Dit protocol biedt een overzicht van de procedures voor de isolatie van RNA voor de profilering van de transcriptomic van de lymfeklier weefsels van grote dieren, met inbegrip van de stappen in de identificatie en de besnijdenis van lymfeklieren van vee en wilde dieren, bemonstering benaderingen te leveren consistentie in meerdere dieren, en overwegingen plus representatieve resultaten voor de post collectie bewaring en verwerking ten behoeve van RNA analyse.

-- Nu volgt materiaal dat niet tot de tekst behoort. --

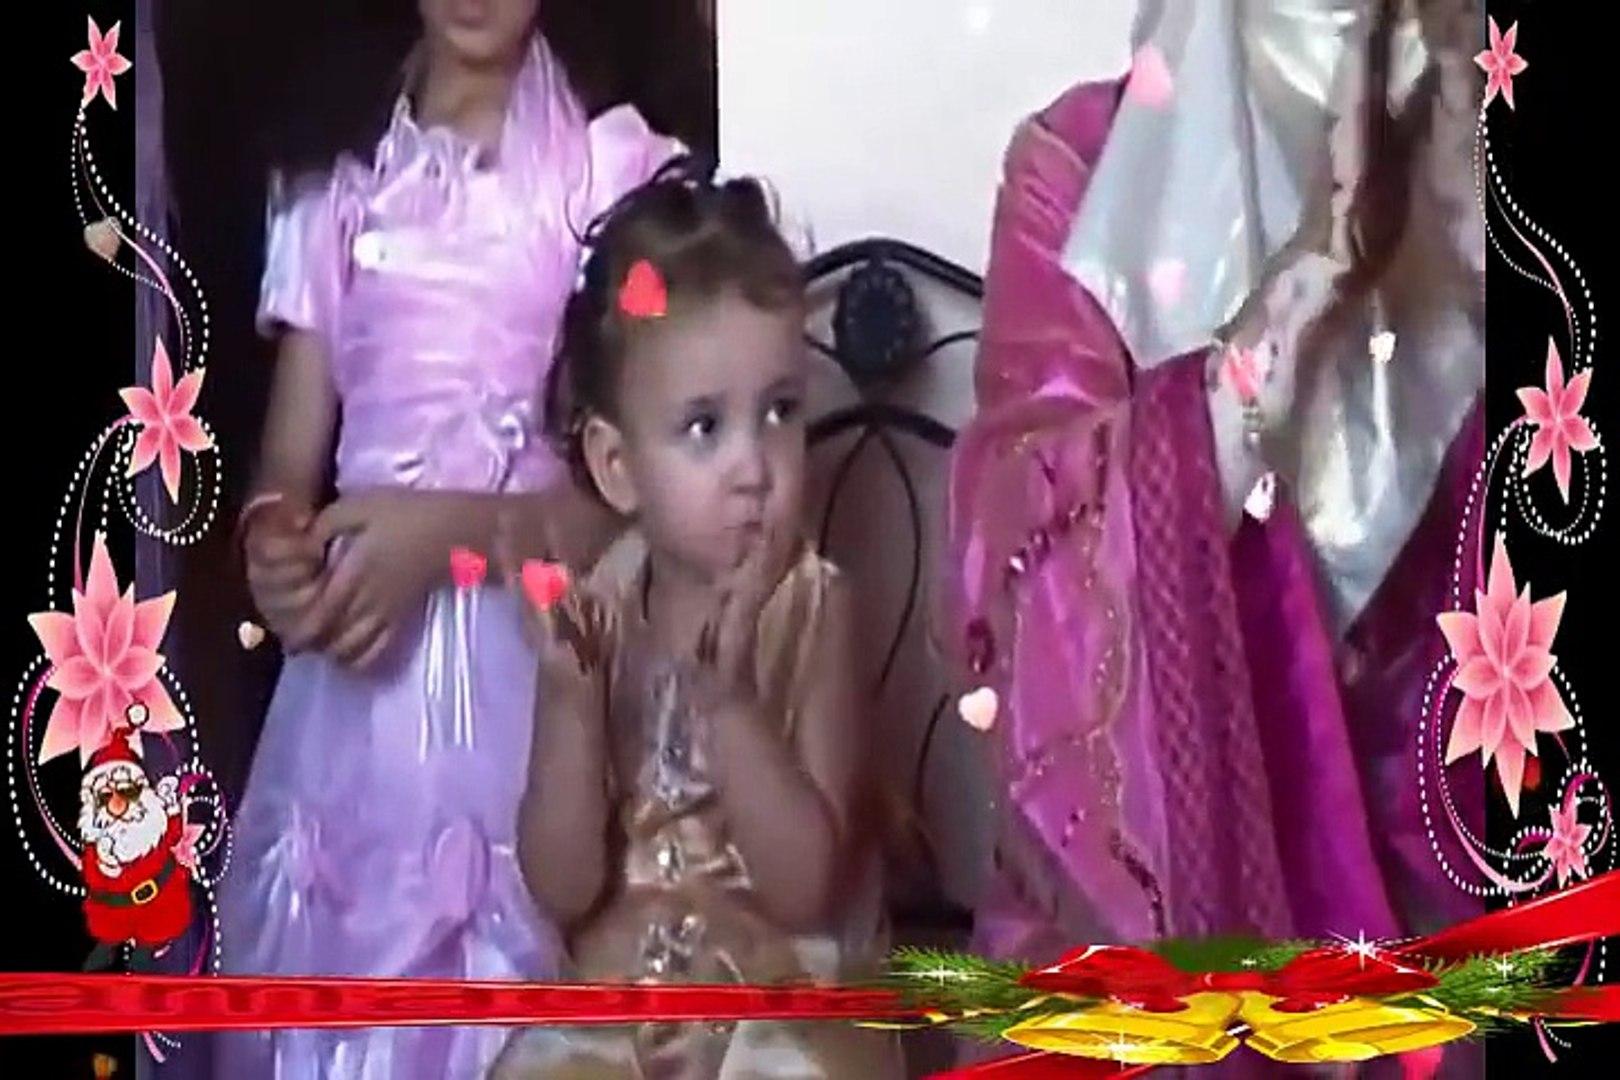 جديد سلوى اجمل رقص عرس مغربي ساخن جدا لشطيح والرديح jadid ch3bi salwa top♫ ♥2015

Grote dieren (vee en wild) dienen als belangrijk reservoirs van zoönotische pathogenen, met inbegrip van Brucella, Mycobacterium bovis, Salmonellaen E. coli, en zijn nuttig voor de studie van de pathogenese en/of verspreiding van de bacteriën in natuurlijke gastheren. Met de belangrijkste functie van de lymfklieren in de immuunrespons van de gastheer dienen lymfeklier weefsels als een potentiële bron van RNA voor downstream transcriptomic analyses, teneinde de tijdelijke wijzigingen in genexpressie in cellen in de loop van een infectie. Dit artikel geeft een overzicht van het proces van de lymfeklier collectie, bemonstering van weefsel en downstream RNA verwerking in vee, van runderen (Bos taurus) als een model, met extra voorbeelden van de Amerikaanse bison (Bison bison ). Het protocol bevat informatie over de locatie, identificatie en verwijdering van lymfeklieren van meerdere belangrijke plaatsen in het lichaam. Bovendien wordt een biopsie bemonsteringsmethode gepresenteerd dat voorziet in een consistentie van bemonstering over meerdere dieren. Verscheidene overwegingen voor behoud van de steekproef worden besproken, met inbegrip van de generatie van RNA geschikt voor downstream methodologieën zoals RNA-sequencing en RT-PCR. Vanwege de lange vertragingen die inherent zijn aan grote dierlijke vs. muis tijd cursus studies, worden representatieve resultaten van bison en boviene lymfeklier weefsels voorgesteld om te beschrijven van het tijdsverloop van de degradatie in dit weefseltype, in het kader van een herziening van vorige methodologische werkzaamheden op aantasting van het RNA in andere weefsels. Over het geheel genomen zal dit protocol nuttig aan beide veterinaire onderzoekers beginnen transcriptome projecten op grote dieren monsters en moleculaire biologen geïnteresseerd in het leren van technieken voor in vivo weefsel bemonstering en in vitro verwerking zijn.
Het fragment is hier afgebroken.